Headwinds may buffet economic growth

2013-7-10

   Economic growth may encounter greater resistance in the second half of the year underscored by lackluster factory production, economists said on Tuesday.

 
  They were speaking after the National Bureau of Statistics reported a moderate increase in consumer inflation and persistent decline in factory-gate prices in June.
 
  The consumer price index, a main gauge of inflation, rose by 2.7 percent year-on-year compared with a 2.1 percent increase in May. Food prices increased by 4.9 percent in June, remaining the major driving force of inflation.
 
  The producer price index, a pricing indicator for output leaving factories, fell by 2.7 percent in June, the 16th consecutive monthly drop, reflecting sluggish market demand.
 
  Economists say the world's second-largest economy is struggling with industrial overcapacity and potential financial risks, with the United States deciding to reduce quantitative easing as it sees GDP recovering slightly, and with Japan likely to have strong domestic demand and export growth based on monetary and fiscal stimulus measures.
 
  Wang Tao, chief economist in China with UBS, said the central government, led by Premier Li Keqiang, wants to ensure stable albeit slightly slower growth and a stable financial environment without embarking on immediate de-leveraging or major restructuring that could be destabilizing.
 
  “The most likely outcome, in our view, is that the Chinese economy will go through a period of sluggish growth and adjustment, restructuring some bad debt as well as overcapacity in the real economy,” she said.
 
  Li and central bank Governor Zhou Xiaochuan have reiterated since May that the monetary policy stance will remain “prudent”, given an evaluation of the economic environment as “sound and stable”.
 
  The liquidity squeeze in the interbank market in June added to investors' concerns, with the People's Bank of China acting repeatedly since then to allay market fears and assure that the interbank rate — the rate of interest charged on short-term loans between banks — returns to normal.
 
  Wang said a hard landing for the economy or a financial meltdown is unlikely in the near term, although serious structural challenges may not be solved soon.
 
  Economists said that in the second half of the year, if the US and Japan see strong recovery and there is no sudden crisis in the European Union to drag gross domestic product into contraction, China's exports and corporate earnings may improve.
 
  But a report from Nomura Securities said it is more likely that the US will continue its long-term asset purchases up to the end of the third quarter and reduce purchases after this, which may support a stronger US dollar.
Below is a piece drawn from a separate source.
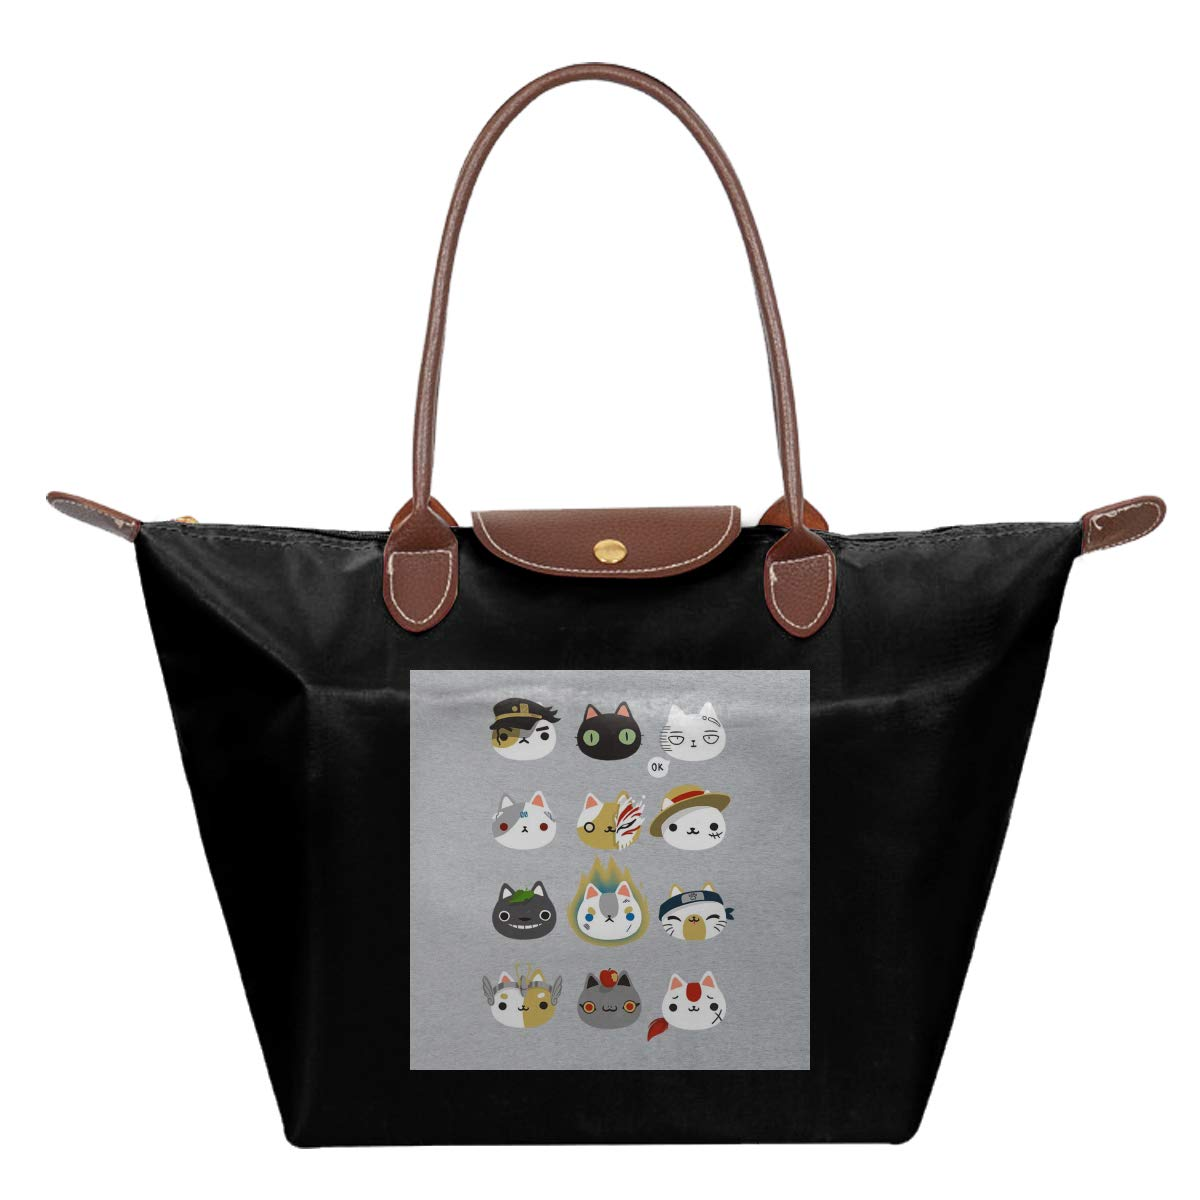 Cosplay Cats Waterproof Leather Folded Messenger Nylon Bag Travel Tote Hopping Folding School Handbags

Emerging markets, including China, may then see capital outflows.
 
  A report by Fudan University and the Center for European Economic Research said China's real economy — the manufacturing and service sectors — has been far from a revival.
 
  Fifty-four of 100 economists and researchers surveyed from investment banks and securities companies at home and abroad expect a fall in income for the steel, metal and machinery industries.
 
  Sun Lijian, co-author of the report and professor at Fudan University in Shanghai, forecast a pick-up in manufacturing only on the premise that the US economy rebounds in the second half of the year, raising commodity prices.
 
  Yao Wei, chief economist in China at Societe Generale, said the government is expected to maintain its policy stance, and the inflation rate may remain muted in coming months.
 
  “The government is unlikely to resort to any quick reforms, which it has been resisting since last year. The trend of soft growth and muted inflation may well last in the near term,” Yao said.